Muy rápidamente un extraño mareo se apoderó de su cabeza, que empezó a notar muy ligera. Podía decir, por la expresión de Herilak, que el cazador se sentía del mismo modo. —Esta es el agua de Kadair-entonó alguien—. Kadair viene a nosotros a través de ella y nos indica que está observando y escuchando.
Kerrick empezaba a darse cuenta de que Kadair era mucho más poderoso de lo que había sospechado.
—Kadair guio al pueblo de los waliskis hasta aquí, eso es sabido. Cuando el bebé mastodonte nació, el hijo de Kerrick también nació, a fin de que Kerrick pudiera darle el nombre. Ahora el jefe del pueblo de los waliskis acude a nosotros en busca de guía, porque busca un camino hacía el oeste a través del desierto.
Cuando Kerrick tradujo aquello, los ojos de Herilak se abrieron desmesuradamente. Aquella gente podía leer el futuro. Escuchó con gran intensidad mientras Sanone seguía hablando, esperando que Kerrick le tradujera el significado de lo que se estaba diciendo.
—El pueblo de los waliskis nos abandonará porque ya ha cumplido con su labor. La manifestación de Kadair en la tierra está aquí. El pequeño Arnhweet está aquí y se quedará con nosotros. Así es como tiene que ser.
Herilak aceptó aquello sin discutir. Ahora creía que Sanone podía ver el futuro, y lo que dijera tenía que ser aceptado. Algo del mareo estaba desapareciendo de la cabeza de Kerrick, y esperó que Sorli aceptara con la misma ecuanimidad la pérdida del pequeño mastodonte. Sin embargo era un buen trato, porque habían sido alimentados por los sasku durante todo el invierno.
Sanone señaló a un joven mandukto y pidió que se acercara.
—Este es Meskawino, que es fuerte y os mostrará el camino a través del desierto. Yo le comunicaré el secreto de los pozos de agua en la vacía aridez, y él lo recordará. Le explicaré los signos que debe buscar, y él los recordará. Nadie vivo ha cruzado el desierto, pero el camino es recordado.

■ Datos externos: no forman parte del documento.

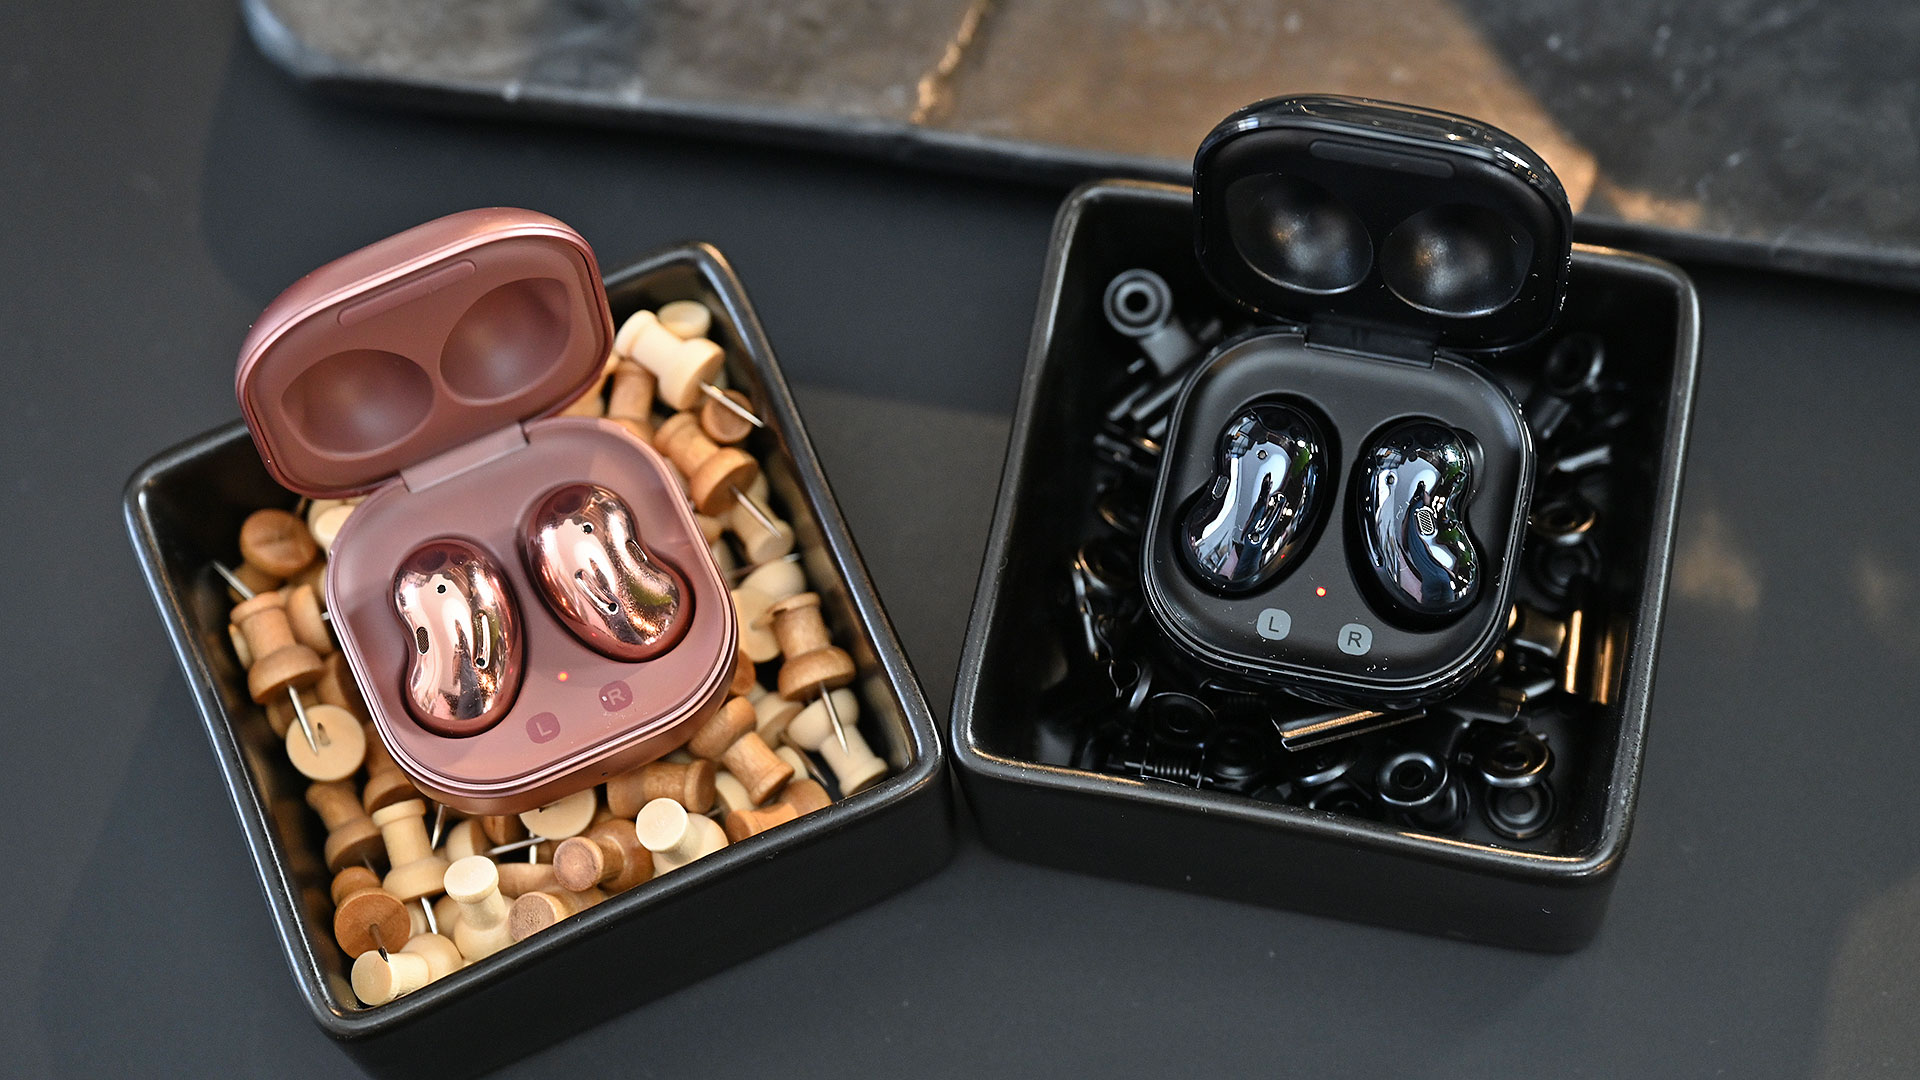 The Galaxy Buds Live come in bronze, black, and white (not pictured). (Photo: Sam Rutherford/Gizmodo)
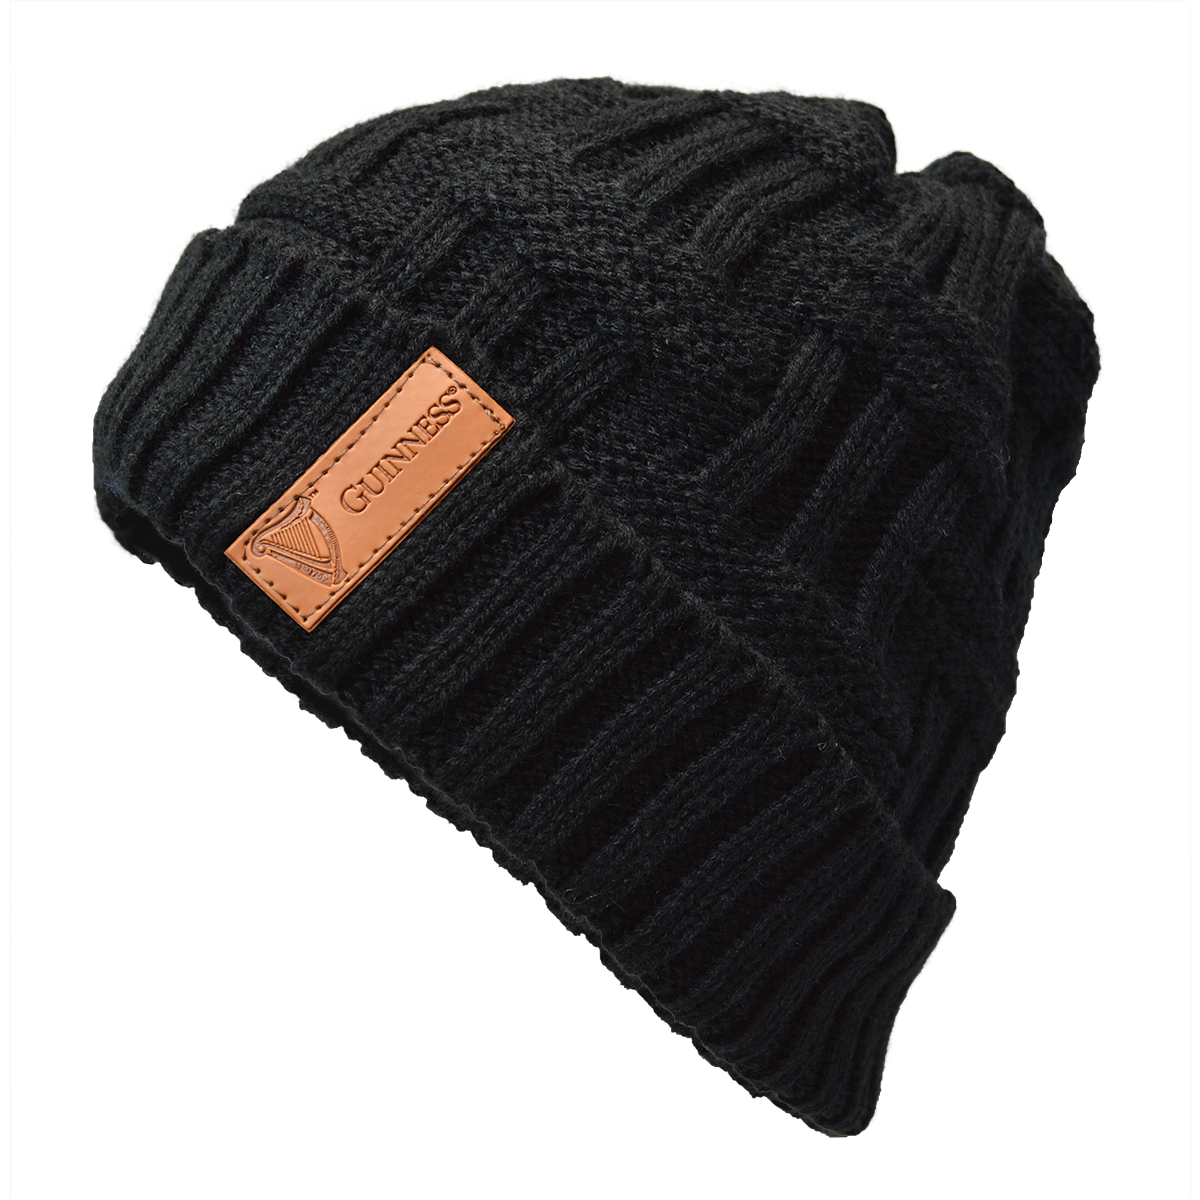 A super warm Guinness Black Leather Patch Beanie.

Kerrick supo que los sammads iban a marcharse. Pero él, ¿iba a ir con ellos? Su decisión era fácil…, no iba a hacerlo. ¿Cuál iba a ser su futuro? Pensó en preguntárselo a Sanone, pero casi tuvo miedo de oír la respuesta. Su taza había sido vuelta a llenar de porro, y la alzó y bebió silenciosmente.